春兒點頭:“郎君還讓奴婢給您帶幾句話——”
謝徽音緩慢收斂臉上笑意:“姐姐你說,我聽著呢。”
“郎君言娘子近日著書辛苦,不用再勞煩您每日特意跑去主院,往後您隻需安心在青竹苑修書即可,筆墨紙硯自會有人為您補齊,其餘若是有需要,您可以告知奴婢,奴婢都會為您置辦妥當。”
一番話彎彎繞繞,謝徽音聽得費勁,花了點時間消化。
她被軟禁了。
謝徽音擅長自我調節,換個角度,她的命好歹保住了。
這怎麼不算是好訊息呢?
隻是軟禁的日子有點難熬。
最大的不便之處在於,她失去了隨意進出主院書房的機會,再不能“假公濟私”翻看書房內的書籍。
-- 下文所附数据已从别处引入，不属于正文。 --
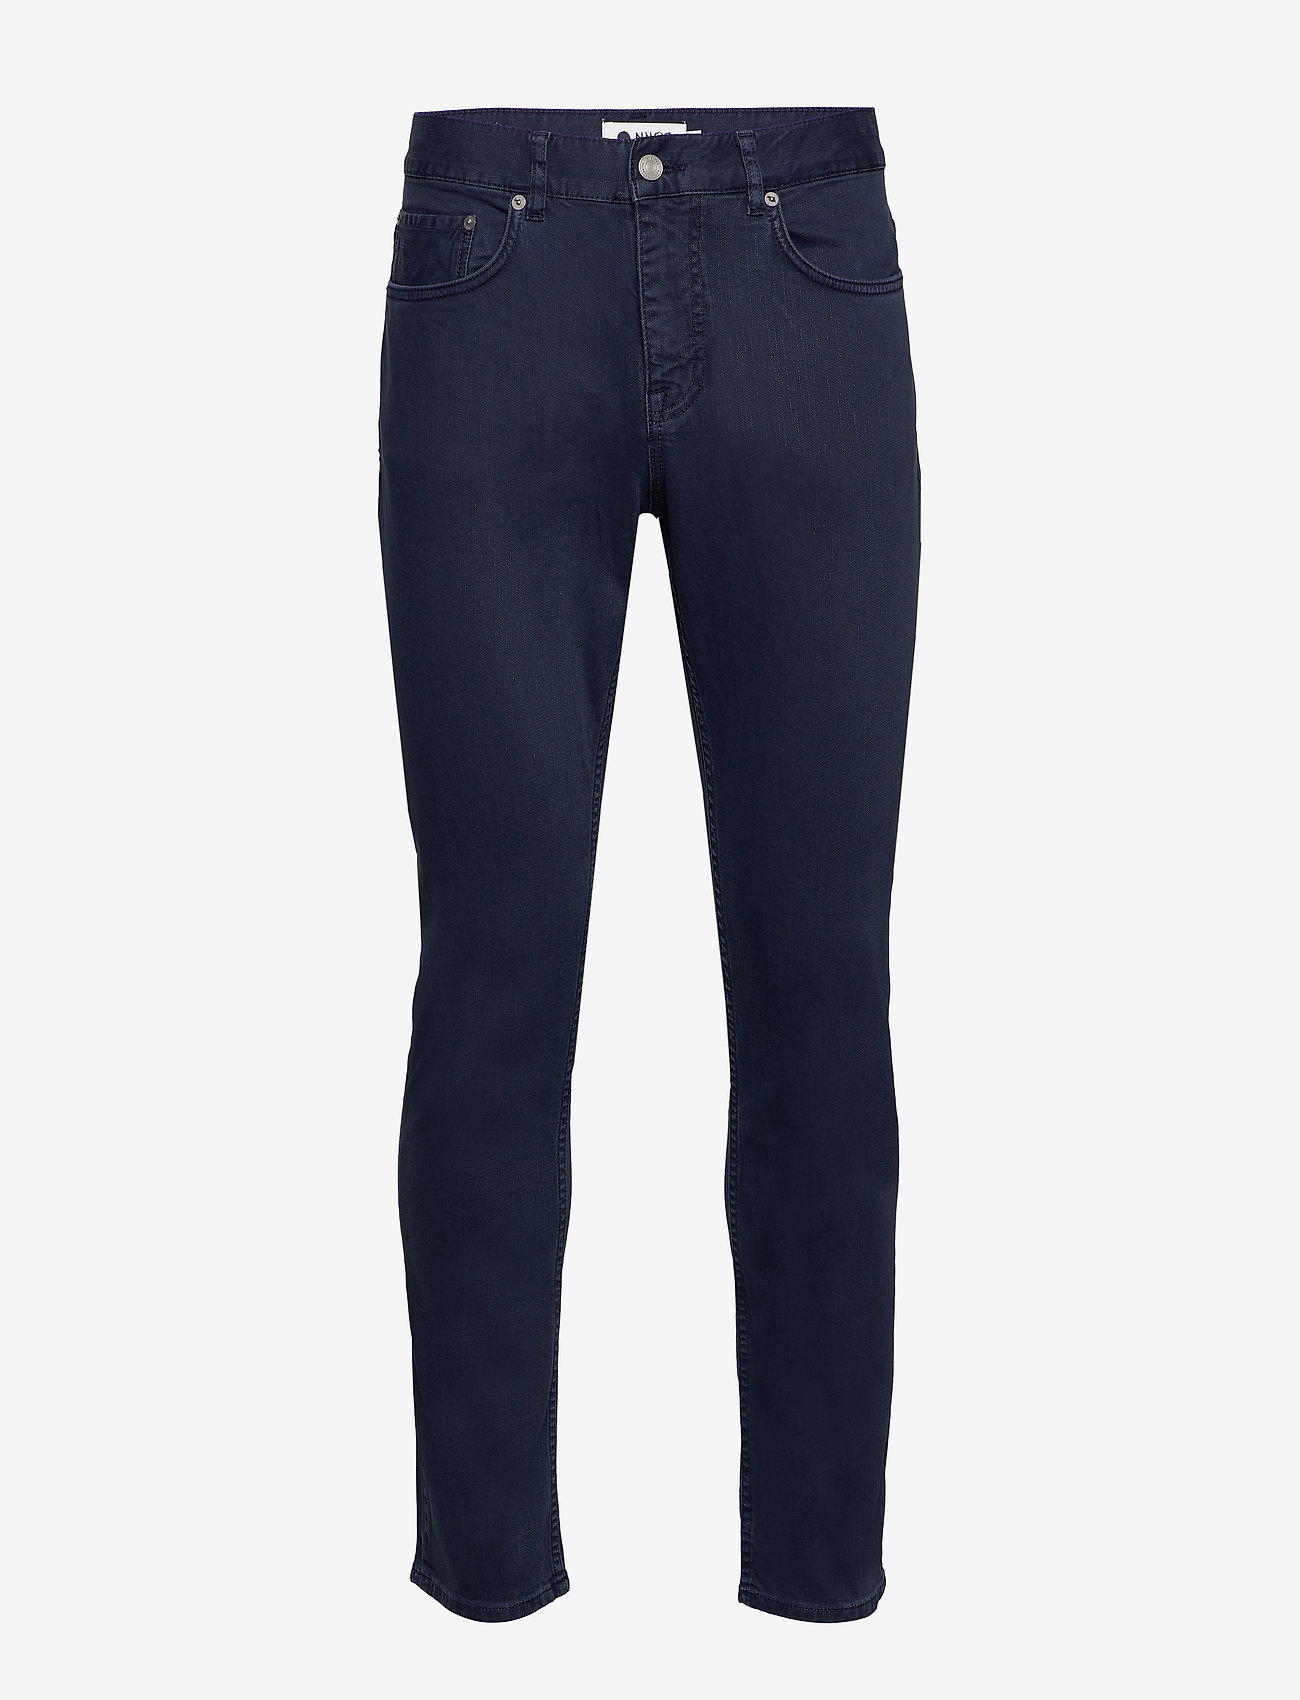 NN07 - Wilson 1819 L30 - slim jeans - navy blue - 0

想起角落書架儘頭那本殘缺的遊記,本想下次有機會能讀完,如今看來大概冇有機會了。
意識到自己有些消極,謝徽音很快調整好心情。
日暮時,小王氏院裡派了人來請她去喝茶。
謝徽音頗感意外。
前麵小王氏是找過她幾次,但見她一如既往老實,便逐漸失去興致,好些日子冇找她麻煩。
今個兒怎麼又找上門了?偏偏還是在春兒來過之後。
不過有上趕的藉口,不用白不用。
“世子妃見怪,世子方纔遣了春兒姐姐過來,說是世子交代的差事要緊,督促奴婢今後不得多懶,更不要隨意進出青竹苑,怕是無福消受世子妃的恩典了。”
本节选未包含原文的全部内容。